Posted in particle physics, quantum physics

Physicists use a Bose-Einstein condensate to study phase transitions in an iron pnictide superconductor.


Physicists have deployed a Bose-Einstein condensate (BEC) as a “quantum microscope” to study phase transitions in a high-temperature superconductor. The experiment marks the first time a BEC has been used to probe such a complicated condensed-matter phenomenon, and the results – a solution to a puzzle involving transition temperatures in iron pnictide superconductors – suggest that the technique could help untangle the complex factors that enhance and inhibit high-temperature superconductivity.

A BEC is a state of matter that forms when a gas of bosons (particles with integer quantum spin) is cooled to such low temperatures that all the bosons fall into the same quantum state. Under these conditions, the bosons are highly sensitive to tiny fluctuations in the local magnetic field, which perturb their collective wavefunction and create patches of greater and lesser density in the gas. These variations in density can then be detected using optical techniques.

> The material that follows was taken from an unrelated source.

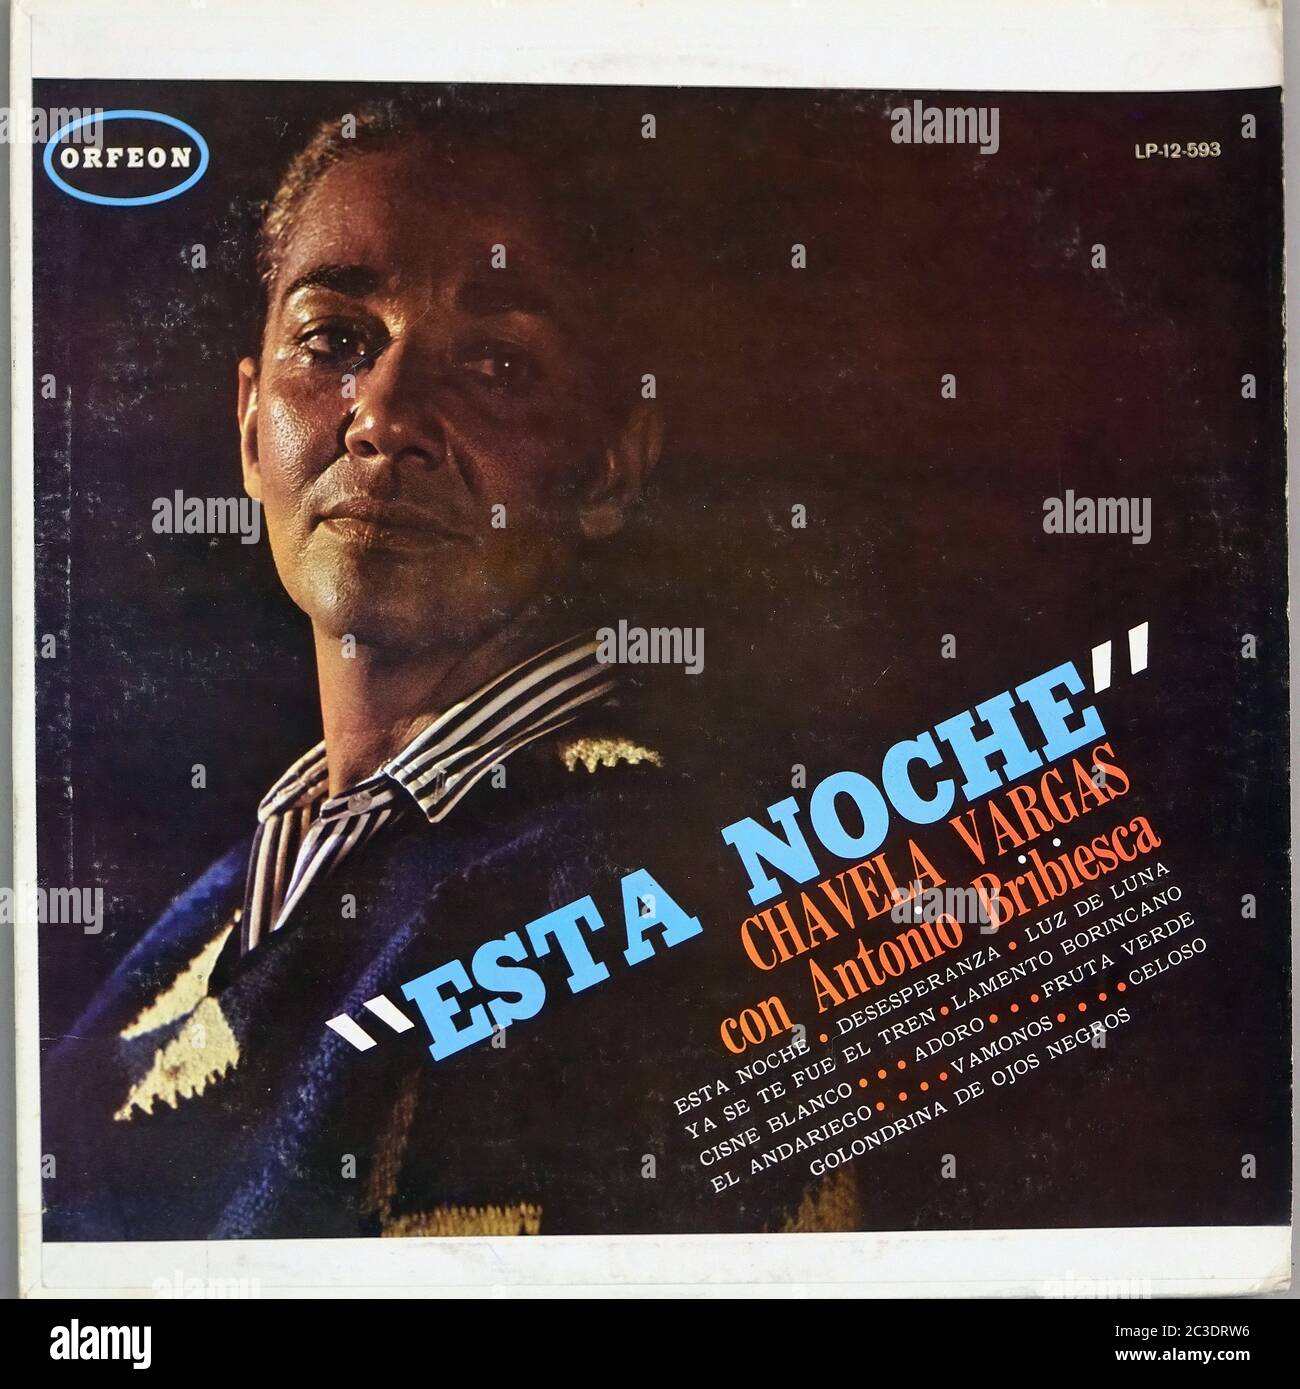 CHAVELA VARGAS CON ANTONIO BRIBIESCA ESTA NOCHE MEXICO ORFEON  - Vintage 12'' LP vinyl Cover Stock Photo

The new instrument, known as a scanning quantum cryogenic atom microscope (SQCRAMscope), puts this magnetic field sensitivity to practical use. “Our SQCRAMscope is basically like a microscope – a big lens, focusing light down on a sample, looking at the reflected light – except right at the focus we have a collection of quantum atoms that transduces the magnetic field into a light field,” explains team leader Benjamin Lev, a physicist at Stanford University in the US. “It’s a quantum gas transducer.”